I'm trying to establish the equivalence of the follow two assertions (Exercise 1.6 in page 52 of Set Theory and the Continuum Problem by Smullyan and Fitting).
AC. If $A$ is a non-empty set of non-empty sets, there is a function $f$ with domain $A$ such that for any $x \in A$, $f(x) \in A$.
Th. For every non-empty set $A$ there is a function $f$ such that for every proper subset $x$ of $A$, $f(x) \in x$.

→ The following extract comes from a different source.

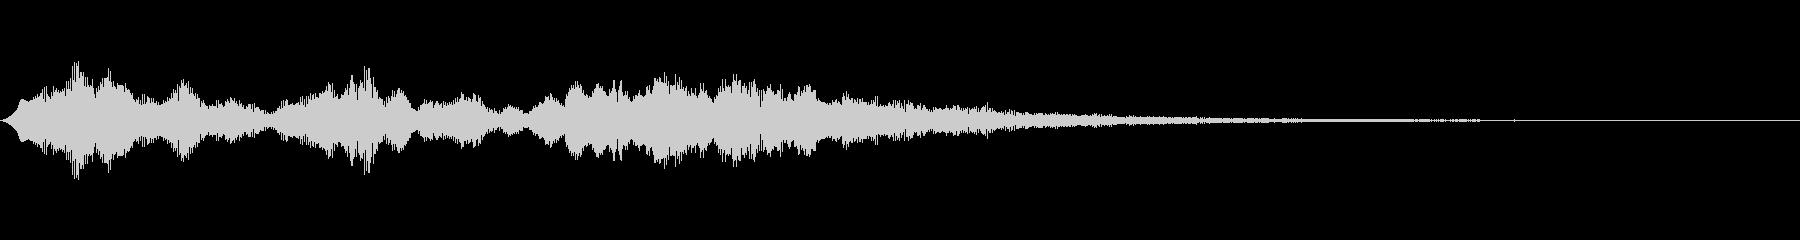 【SE 効果音】不気味な音14の未再生の波形

I had no problem proving AC $\Rightarrow$ Th. For the reverse implication, however, I'm stuck. Here's my reasoning.
Claim: Th implies AC.
Incomplete proof. Let $A$ be a non-empty set of non-empty sets and consider the union set $\bigcup A$. Since $A$ is non-empty, so is $\bigcup A$, thus by Th there is a function $f$ such that for all proper subset $x$ of $\bigcup A$, $f(x) \in x$.
Let $y \in A$. Then $y \subseteq \bigcup A$, so if $y$ is a proper subset then $f(y) \in y$ as required. It remains to show that $y$ is a proper subset of $\bigcup A$. $\square$
I can't figure how to show that $y$ is a proper subset of $\bigcup A$. I've tried assuming $\bigcup A \subseteq y$, hoping to reach a contradiction, but the furthest I got in this direction is concluding that in this case, for any $x \in A$, $x \subseteq y$. Any help is appreciated.
But checking the book, the statement of Th really says for every proper subset instead of non-empty subset. It seems changing the statement of Th to non-empty makes the proof work both ways, so that must have been the intended statement.